(Source material)
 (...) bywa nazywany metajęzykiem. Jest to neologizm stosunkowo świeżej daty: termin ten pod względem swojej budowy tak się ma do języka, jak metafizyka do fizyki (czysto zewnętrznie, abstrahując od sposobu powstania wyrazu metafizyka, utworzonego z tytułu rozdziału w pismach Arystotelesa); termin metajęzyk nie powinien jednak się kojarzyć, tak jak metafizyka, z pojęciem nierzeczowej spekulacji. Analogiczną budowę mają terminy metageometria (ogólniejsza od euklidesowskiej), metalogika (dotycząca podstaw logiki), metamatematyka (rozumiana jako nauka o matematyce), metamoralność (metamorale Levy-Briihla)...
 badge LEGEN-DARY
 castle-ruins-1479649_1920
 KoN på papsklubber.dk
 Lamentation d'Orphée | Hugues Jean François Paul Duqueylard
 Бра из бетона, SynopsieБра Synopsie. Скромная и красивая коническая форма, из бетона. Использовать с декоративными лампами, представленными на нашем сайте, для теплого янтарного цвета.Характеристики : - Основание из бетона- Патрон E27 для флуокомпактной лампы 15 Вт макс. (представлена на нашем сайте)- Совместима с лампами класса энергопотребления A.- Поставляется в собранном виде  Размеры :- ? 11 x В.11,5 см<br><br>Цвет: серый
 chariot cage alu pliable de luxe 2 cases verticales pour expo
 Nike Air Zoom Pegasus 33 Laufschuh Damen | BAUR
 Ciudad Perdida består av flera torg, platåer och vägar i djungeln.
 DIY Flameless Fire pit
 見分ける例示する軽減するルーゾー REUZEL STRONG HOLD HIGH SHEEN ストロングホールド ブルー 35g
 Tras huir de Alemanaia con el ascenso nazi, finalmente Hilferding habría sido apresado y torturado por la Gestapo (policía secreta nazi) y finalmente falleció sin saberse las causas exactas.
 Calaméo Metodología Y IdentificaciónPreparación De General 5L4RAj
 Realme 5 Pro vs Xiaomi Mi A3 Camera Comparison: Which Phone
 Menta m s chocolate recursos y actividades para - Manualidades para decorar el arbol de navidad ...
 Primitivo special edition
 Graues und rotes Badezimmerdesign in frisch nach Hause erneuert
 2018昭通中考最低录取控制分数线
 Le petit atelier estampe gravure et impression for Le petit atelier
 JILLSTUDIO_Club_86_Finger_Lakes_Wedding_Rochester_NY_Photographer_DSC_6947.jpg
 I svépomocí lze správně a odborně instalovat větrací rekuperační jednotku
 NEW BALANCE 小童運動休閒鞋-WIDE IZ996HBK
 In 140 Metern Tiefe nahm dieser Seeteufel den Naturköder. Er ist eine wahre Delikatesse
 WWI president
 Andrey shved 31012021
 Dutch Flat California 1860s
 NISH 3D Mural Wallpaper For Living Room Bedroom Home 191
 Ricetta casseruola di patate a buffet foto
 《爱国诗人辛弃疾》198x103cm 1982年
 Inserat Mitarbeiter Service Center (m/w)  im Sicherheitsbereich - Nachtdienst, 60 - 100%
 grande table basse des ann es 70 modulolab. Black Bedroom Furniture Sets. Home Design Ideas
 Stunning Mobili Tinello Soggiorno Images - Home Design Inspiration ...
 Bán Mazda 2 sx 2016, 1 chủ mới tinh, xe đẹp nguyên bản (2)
(End Source material)
[Task details]: Find the lines above that contain the word "Home" and collect them.

[Answer below]:
 NISH 3D Mural Wallpaper For Living Room Bedroom Home 191
 grande table basse des ann es 70 modulolab. Black Bedroom Furniture Sets. Home Design Ideas
 Stunning Mobili Tinello Soggiorno Images - Home Design Inspiration ...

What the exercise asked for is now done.